• **Exercise goal**
Set down the full listing exactly as given. Any pictures are to be left out.
##### Source material
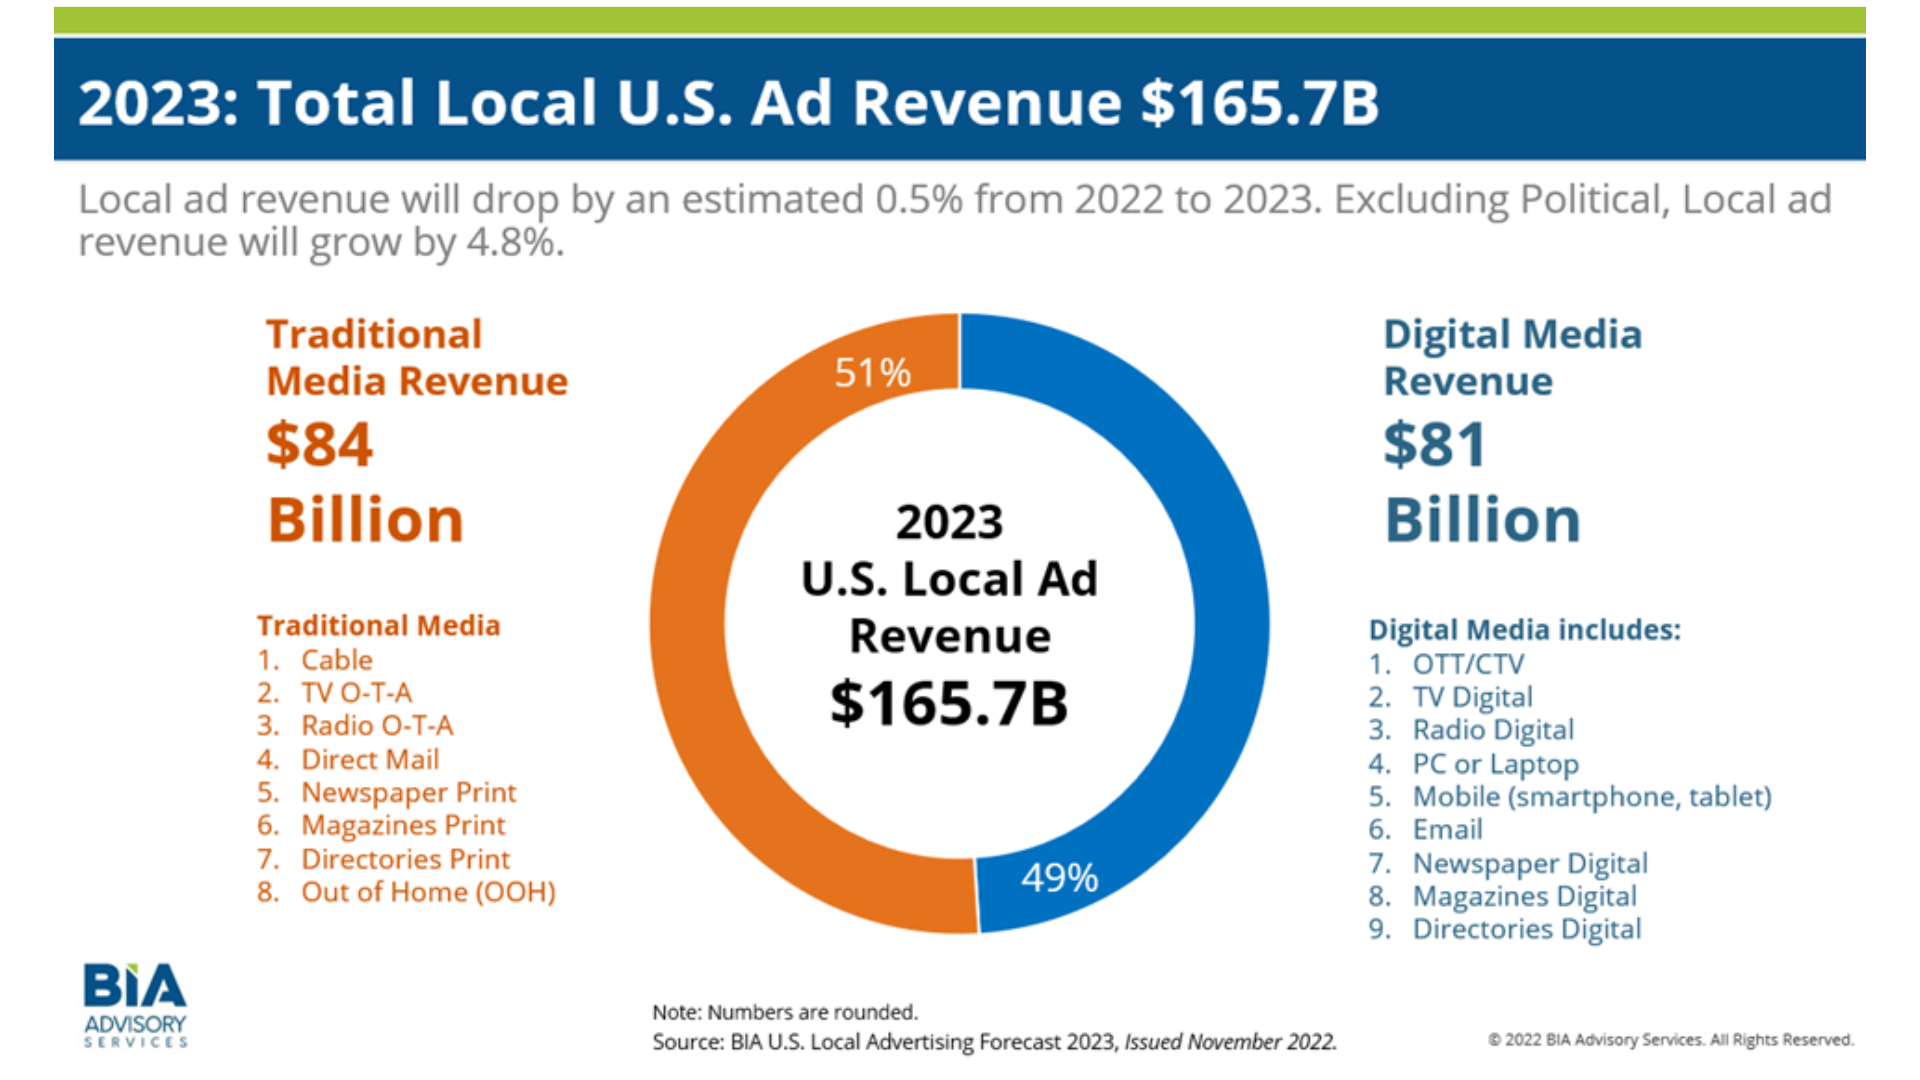 BIA 2023 Total Local U.S. Ad Revenue
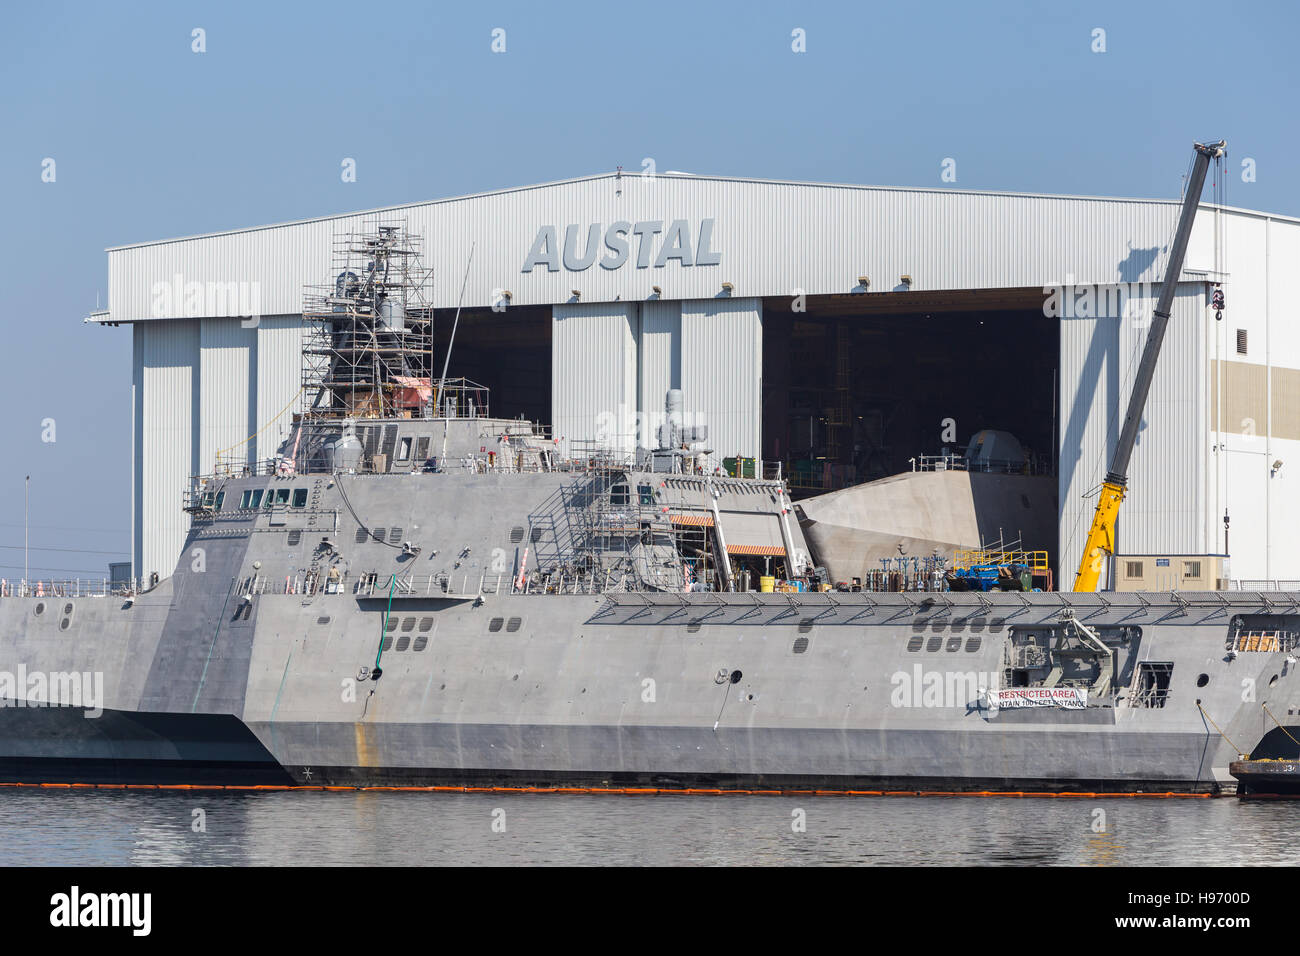 USS Manchester Littoral Combat Ship (LCS) in costruzione presso il cantiere navale Austal sul Fiume Mobile in Mobile, Alabama. Foto Stock
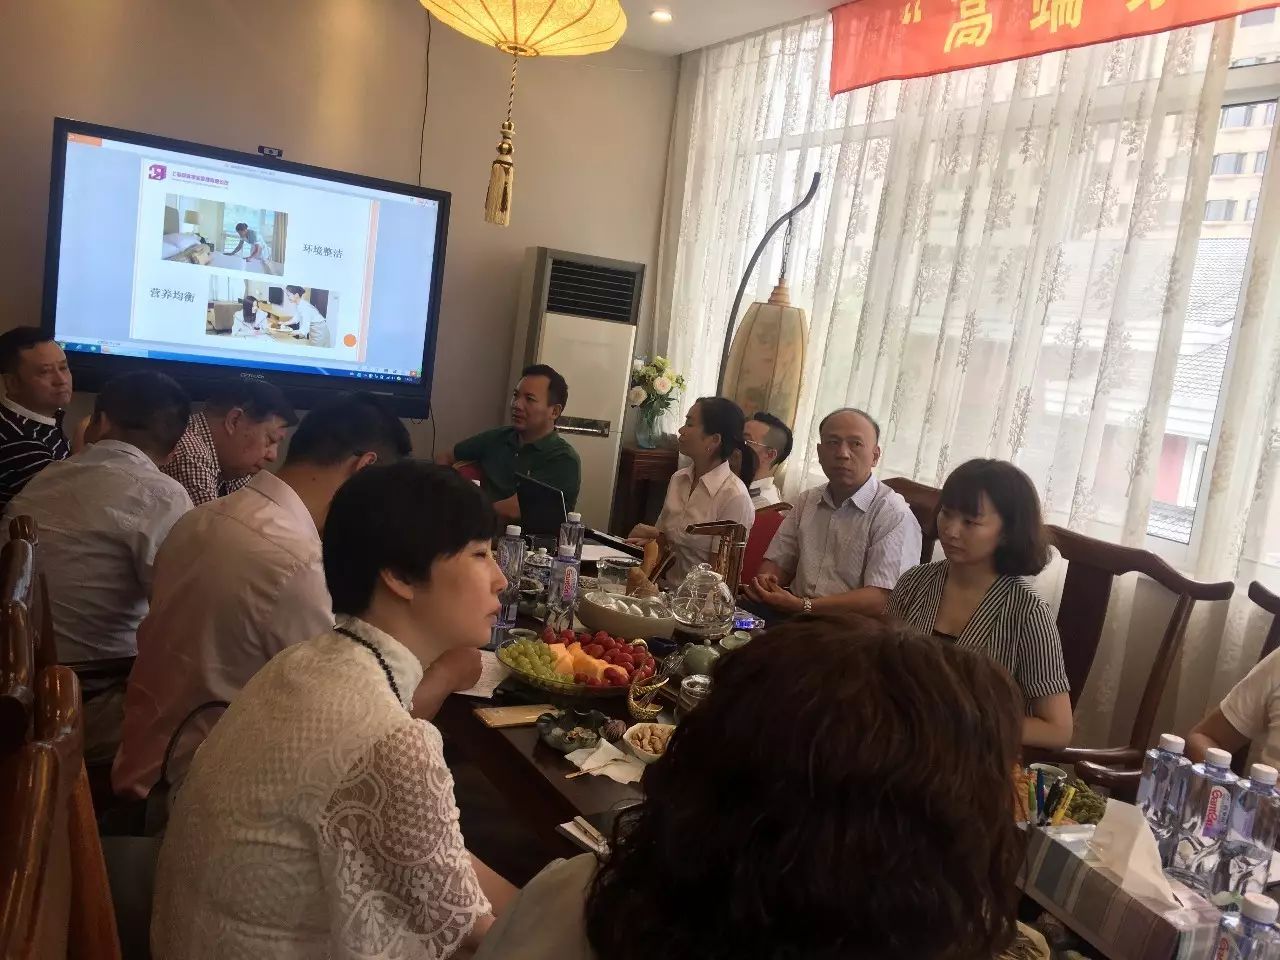 上海高端家政服务市场发展趋势和行业规范化建设研讨会
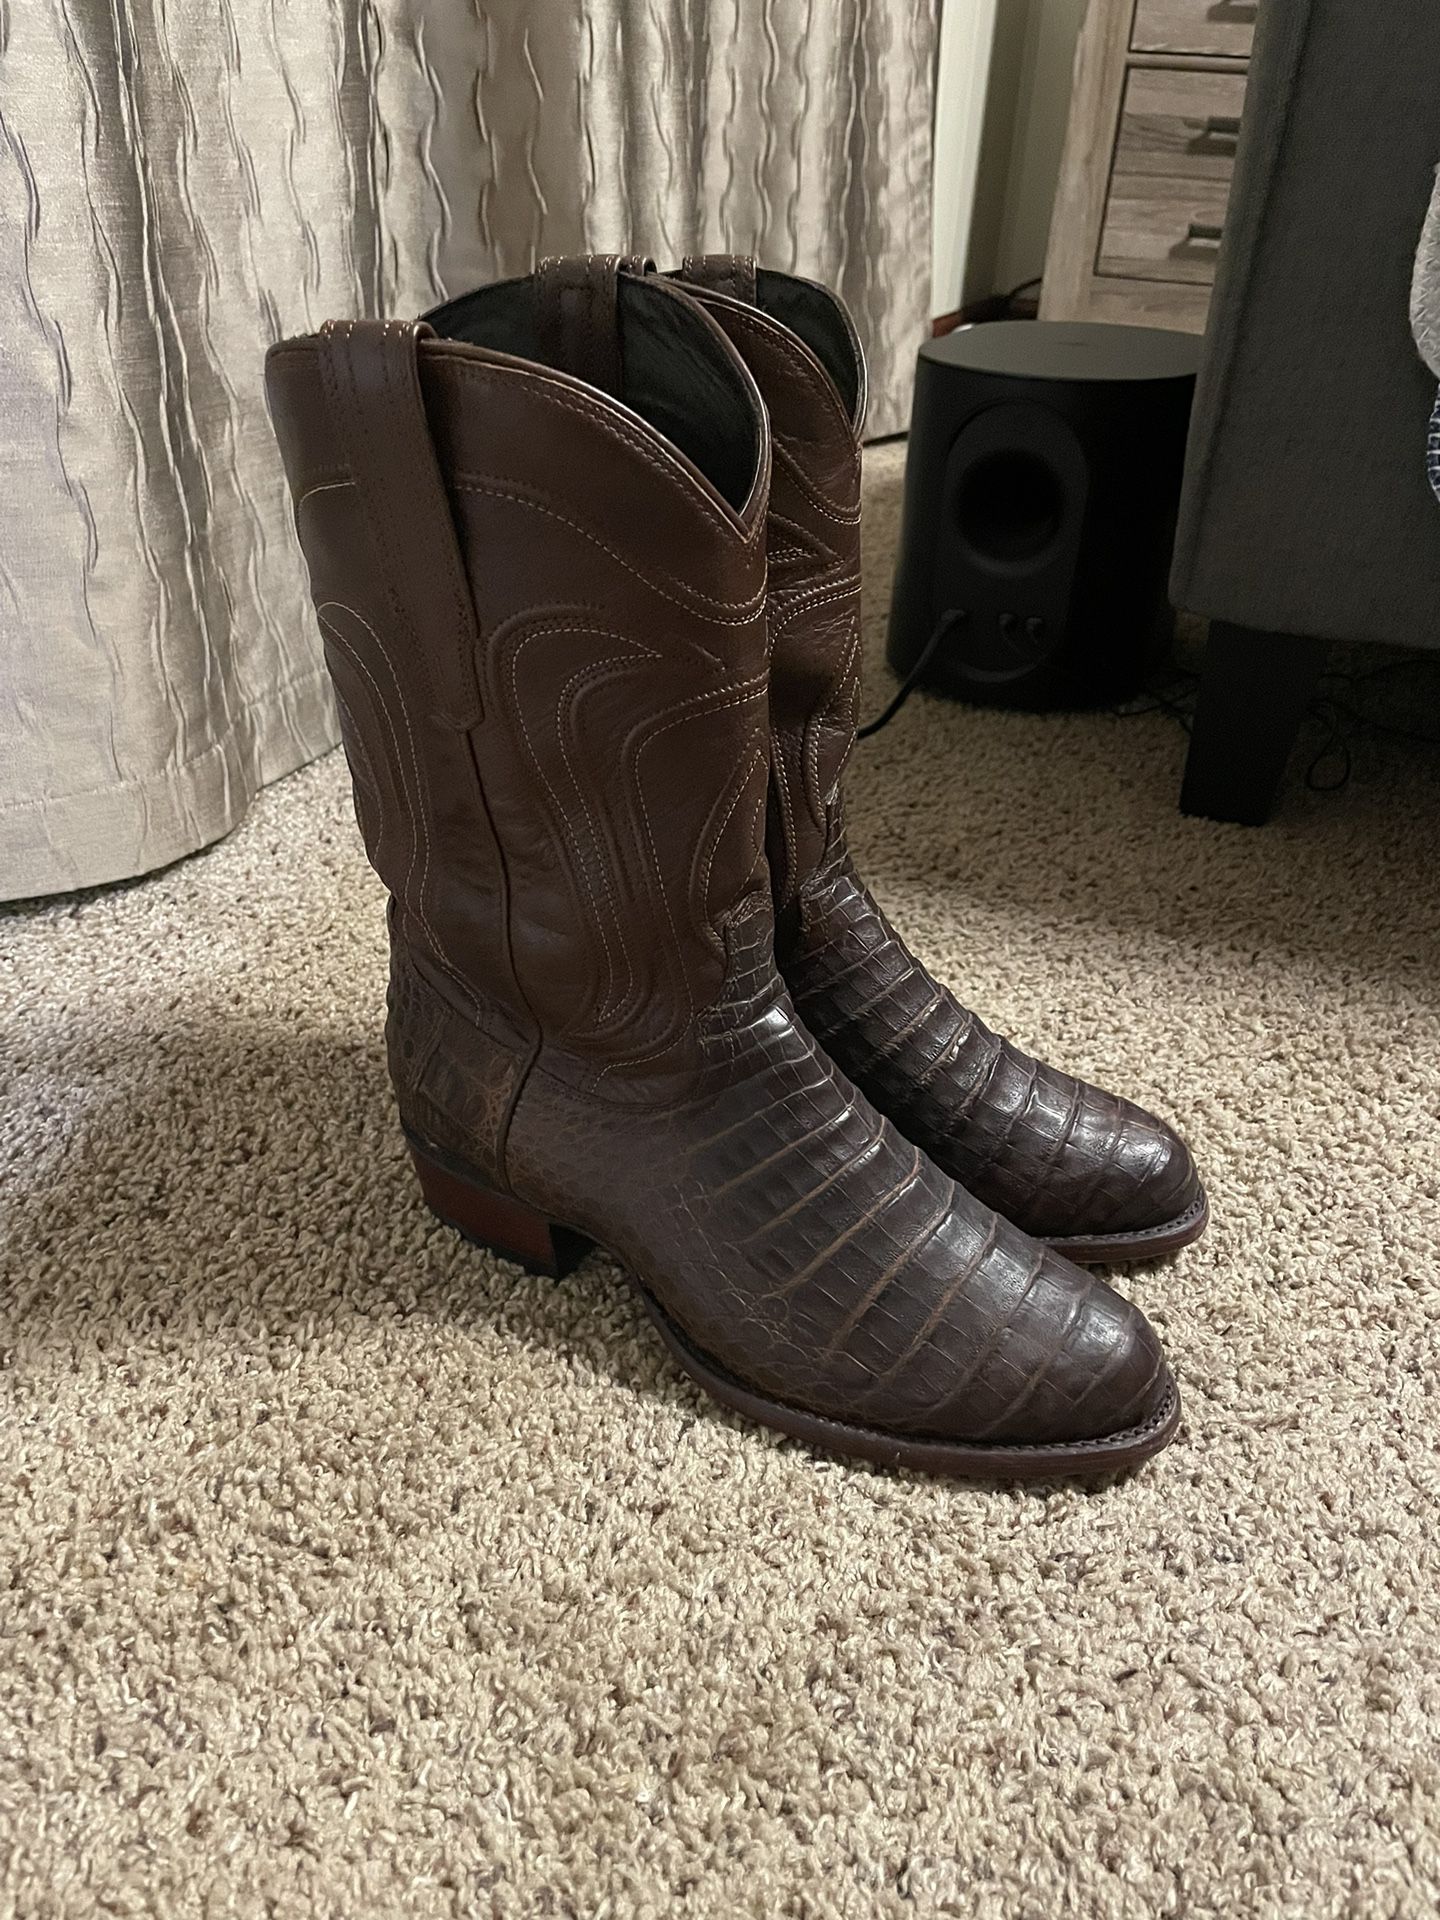 Tecovas Caiman Boots 9.5EE
##########
• **Response box**
 BIA 2023 Total Local U.S. Ad Revenue
 USS Manchester Littoral Combat Ship (LCS) in costruzione presso il cantiere navale Austal sul Fiume Mobile in Mobile, Alabama. Foto Stock
 上海高端家政服务市场发展趋势和行业规范化建设研讨会
 Tecovas Caiman Boots 9.5EE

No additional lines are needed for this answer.